Bettina Kümmerling-Meibauer: Professor in the German Department at the University of Tübingen and author of
a range of monographs and edited collections including Manga’s Cultural Crossroads (2013), Picturebooks.
Representation and Narration (2014), and Children’s Literature and the Avant-garde (summer 2015). She is a
member of the Management Committee of the COST-action “The Digital Literacy and Multimodal Practices of
Young Children”. She co-edits the book series ‘Children's Literature, Culture and Cognition’ (Benjamins) and
‘Studies in European Children's Literature’ (Winter). She is currently editing the ‘Routledge Companion to
Picturebooks’.
Anja Müller is Professor of English Literature and Culture at the University of Siegen in Germany. Her research
interests range from eighteenth-century literature and culture to childhood studies, children’s literature,
contemporary drama, European transnational identities, adaptation and, recently, high fantasy and fantasy-related
participatory fan cultures. Her monographs and edited/co-edited collections include Framing Childhood in
Eighteenth-Century English Periodicals and Prints, 1689-1789 (2009); Mediating Identities in Eighteenth-Century
England: Public Negotiations, Literary Discourses, Topography (2011); Childhood in the Renaissance (2013); and
Adapting Canonical Texts in Children’s Literature (2013).
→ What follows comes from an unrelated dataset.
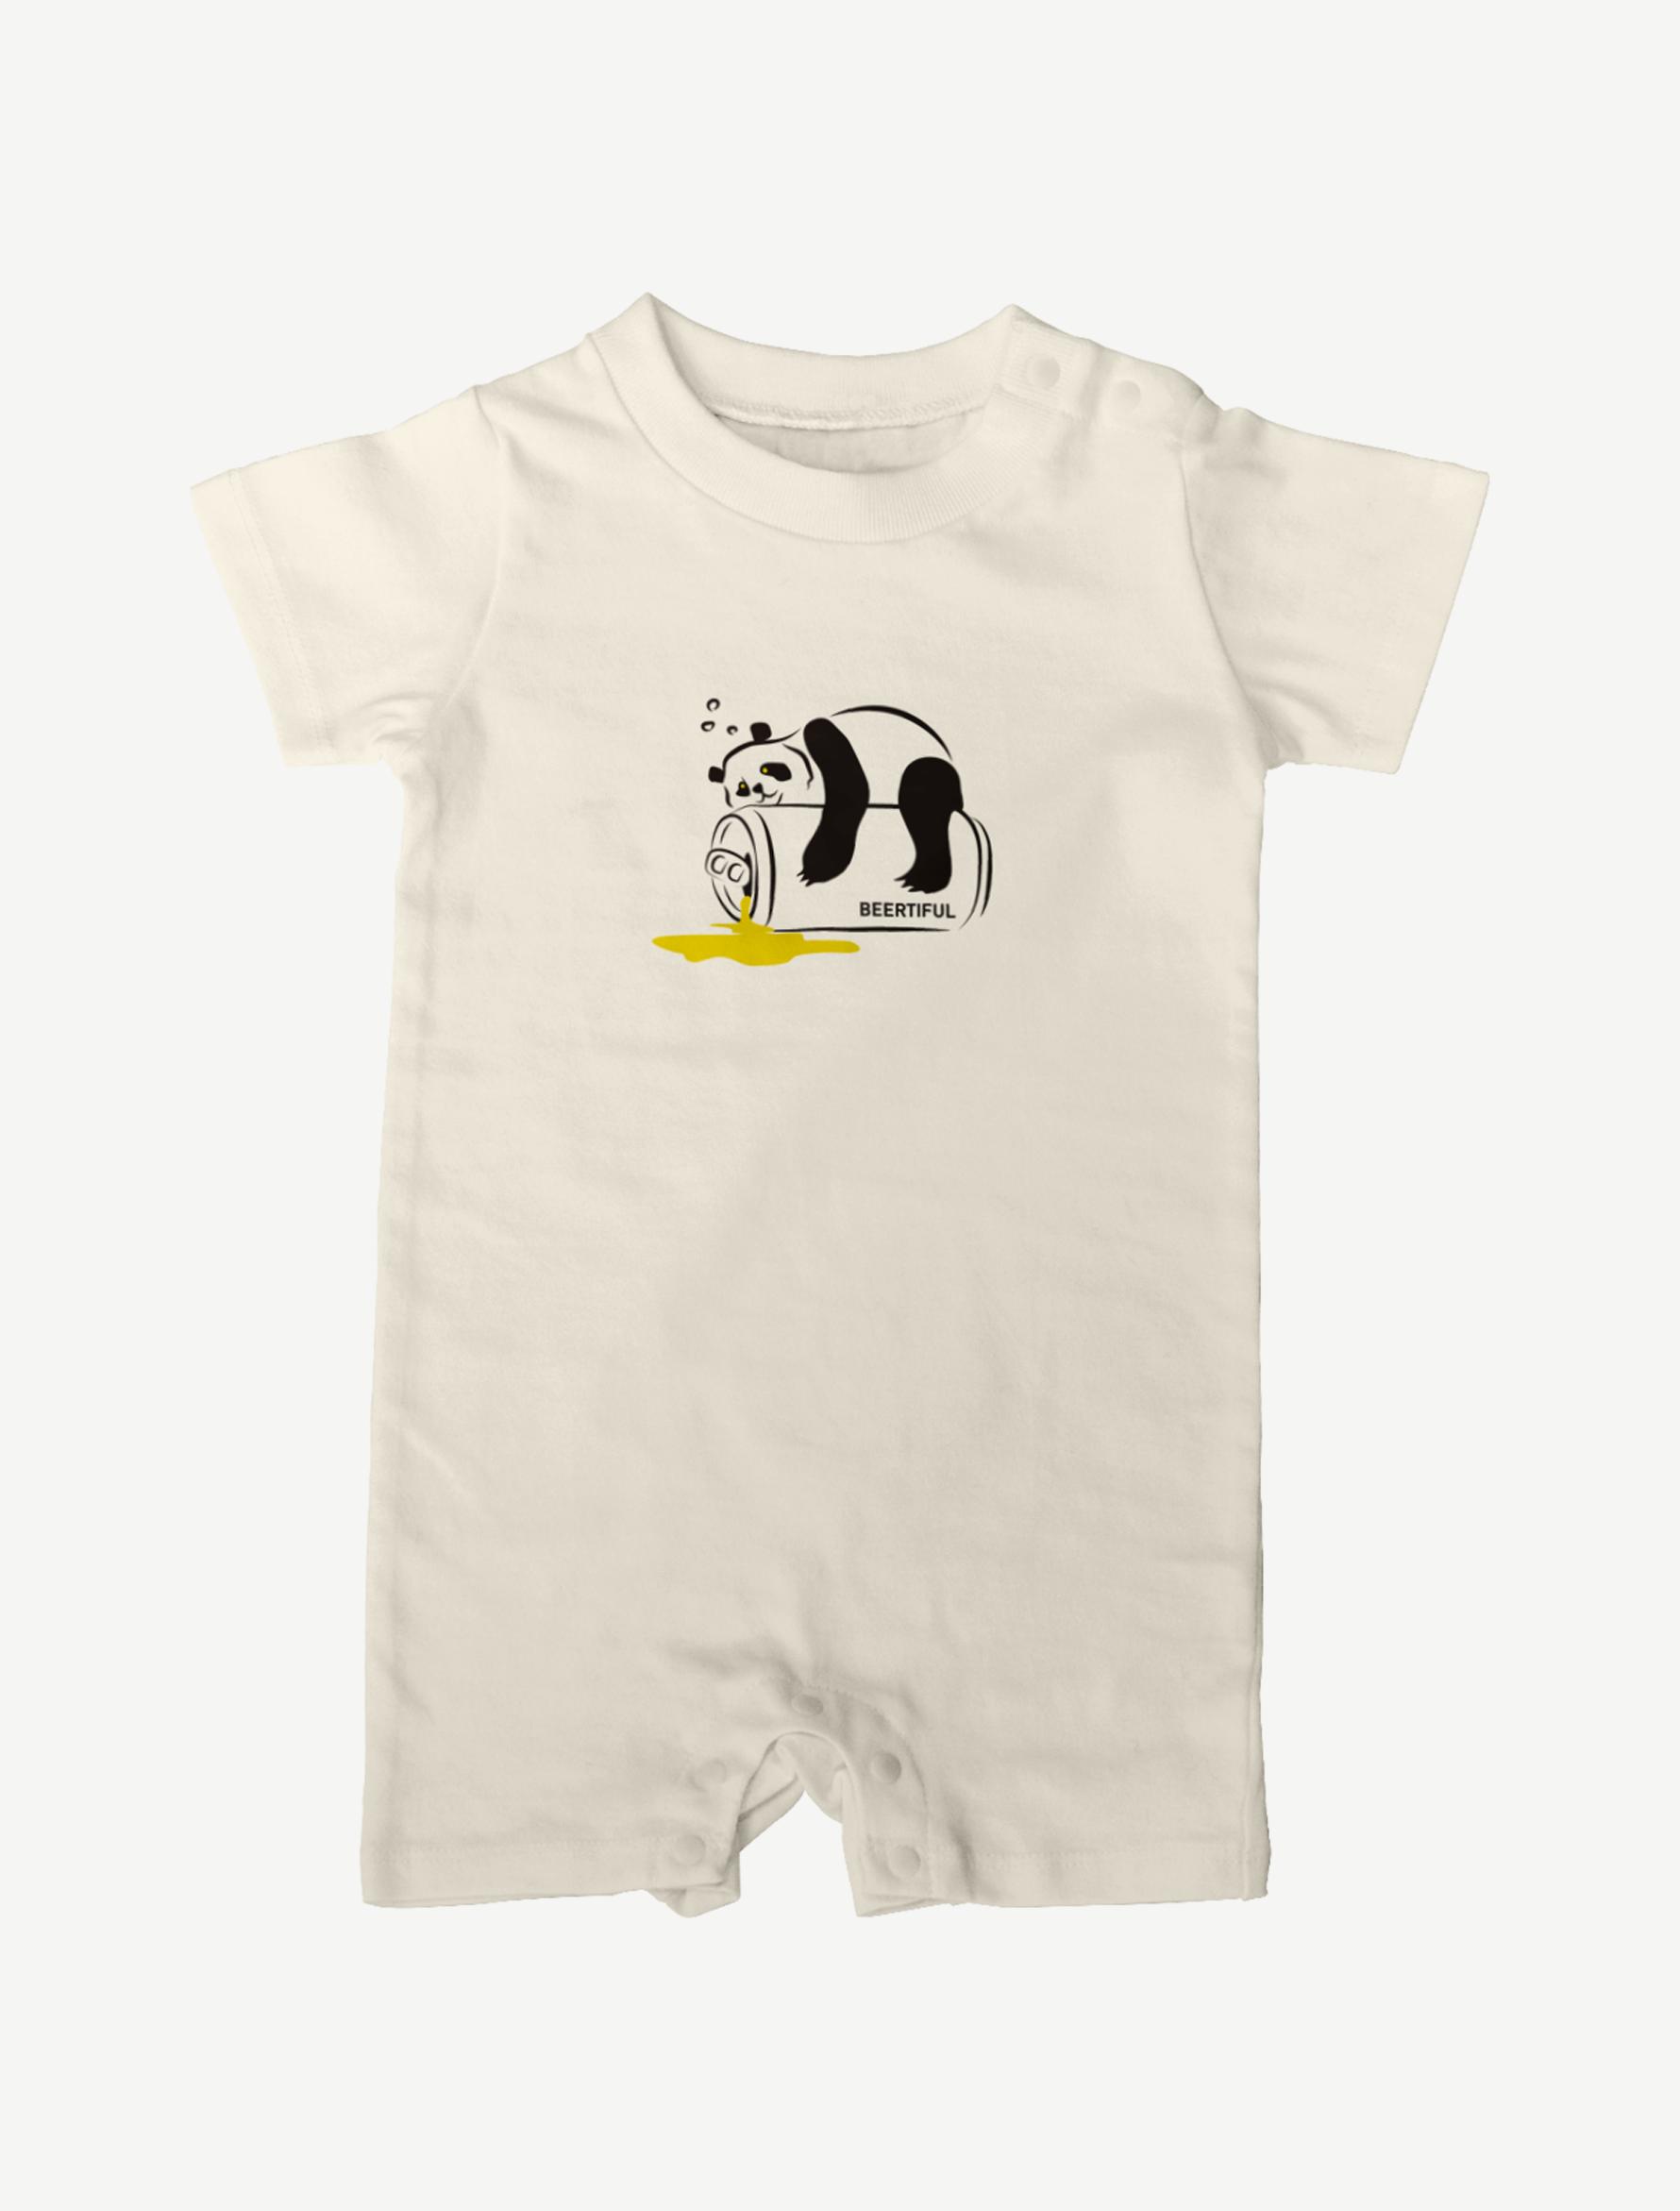 【ほろ酔いパンダ】ベイビーロンパース(ナチュラル)

She co-edits the book series “Studies in European
Children’s Literature”. Current activities include a research project, funded by the German Research Foundation
(DFG) on canon-formation and the social imaginary in British literature for children and young adults.`
Philip Nel is a University Distinguished Professor in the English Department at Kansas State University. He is
author of the award-winning Crockett Johnson and Ruth Krauss: How an Unlikely Couple Found Love, Dodged the
FBI, and Transformed Children’s Literature (2012), author or co-editor of eight other books, including Keywords
for Children’s Literature (2011), Tales for Little Rebels: A Collection of Radical Children’s Literature (2008), The
Annotated Cat: Under the Hats of Seuss and His Cats (2007), and Dr. Seuss: American Icon (2004). Since 2011, he
has been General Editor of Routledge’s Children’s Literature and Culture Series. He blogs at Nine Kinds of Pie
<http://www.philnel.com/>, and tweets as @philnel.
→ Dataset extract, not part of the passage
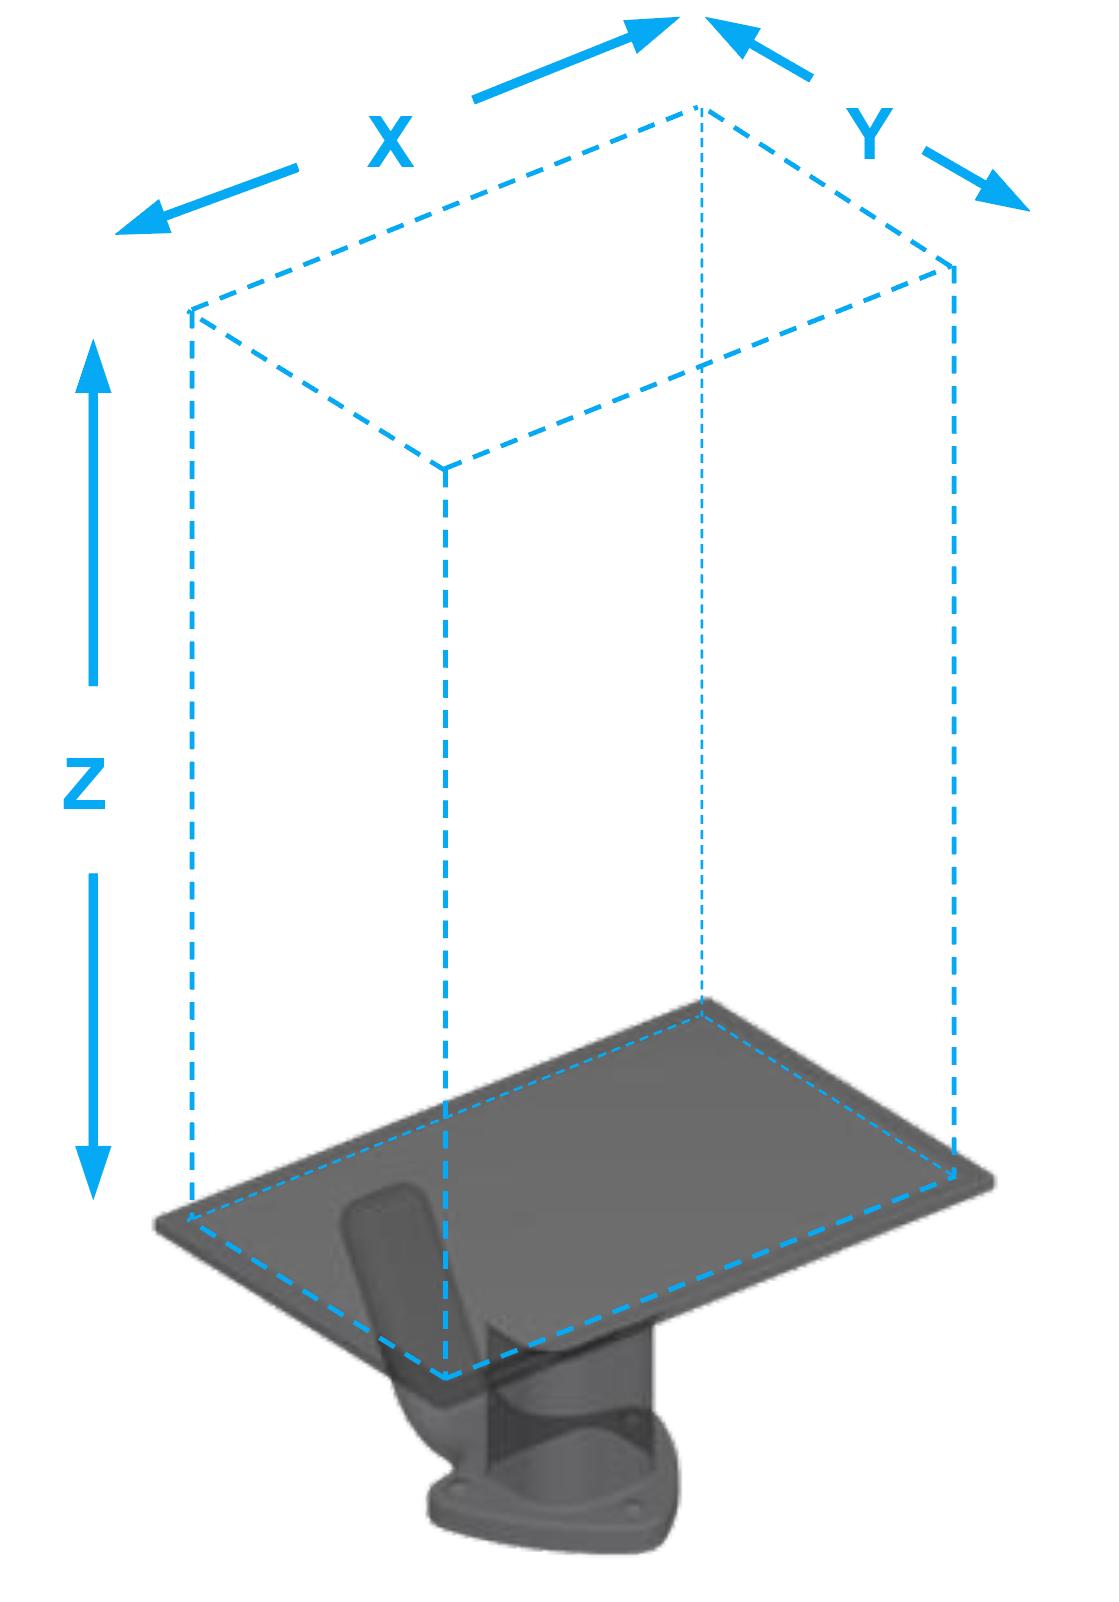 Carbon M1 M2 3D printer build volume dimensions

Lucy Pearson is Lecturer in Children's Literature at Newcastle University. She is the author of The Making of
Modern Children’s Literature in Britain: Publishing and Criticism in the 1960s and 1970s (2013). She works
closely with Seven Stories, the National Centre for Children’s Books, and is interested in the way that archival
material can open up new understandings of children’s literature. She is currently working on a new history of
children's books and publishing in the twentieth century.
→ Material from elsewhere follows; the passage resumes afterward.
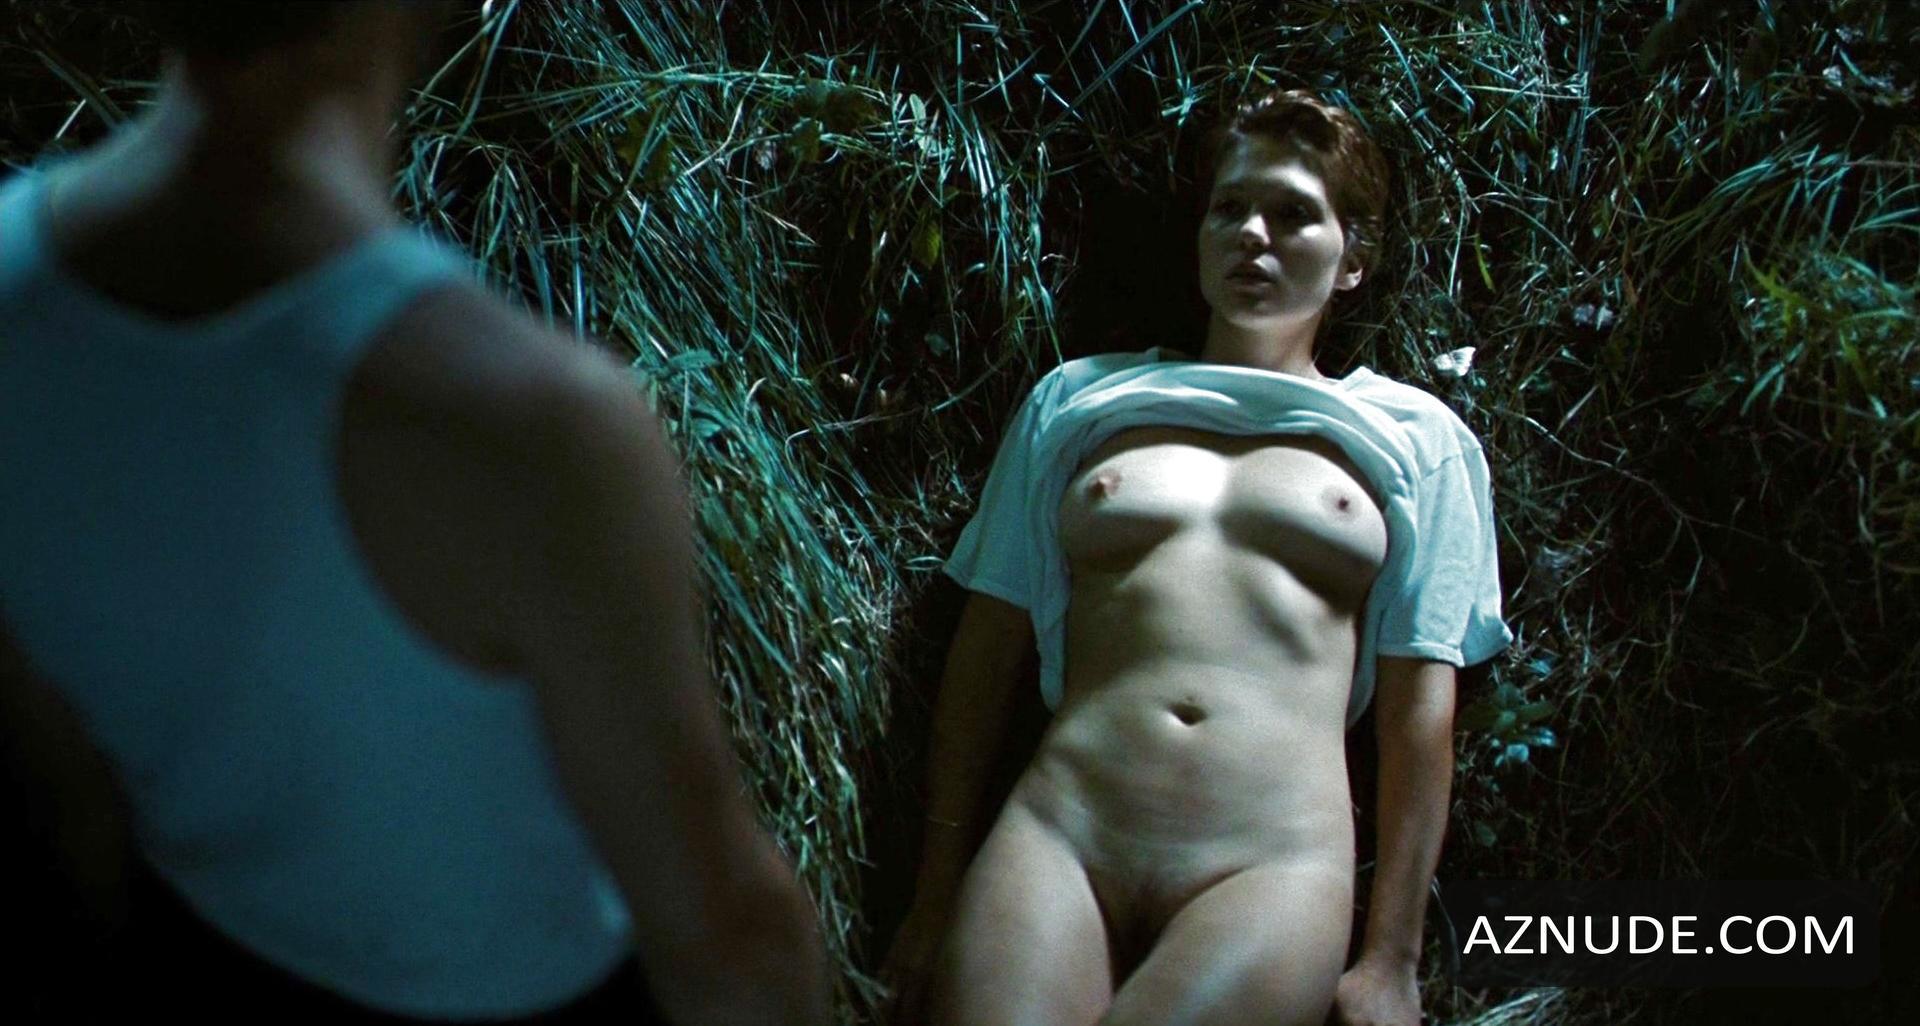 Seydoux nude lea

Kimberley Reynolds is Professor of Children’s Literature in the School of English Literature, Language and
Linguistics at Newcastle University. She has published widely on many aspects of children’s literature, most
recently in the form of an audio book, Children’s Literature between the Covers (2011), Children’s Literature: A
Very Short Introduction (2011), and the co-edited volume Children’s Literature Studies: A Research Handbook
(2011). With the support of a Major Leverhulme Fellowship she recently completed Left Out: the forgotten radical
tradition in British children’s publishing 1910-1949 (forthcoming 2015). In 2013 she was awarded the International
Brothers Grimm Award for contribution to research in children’s literature.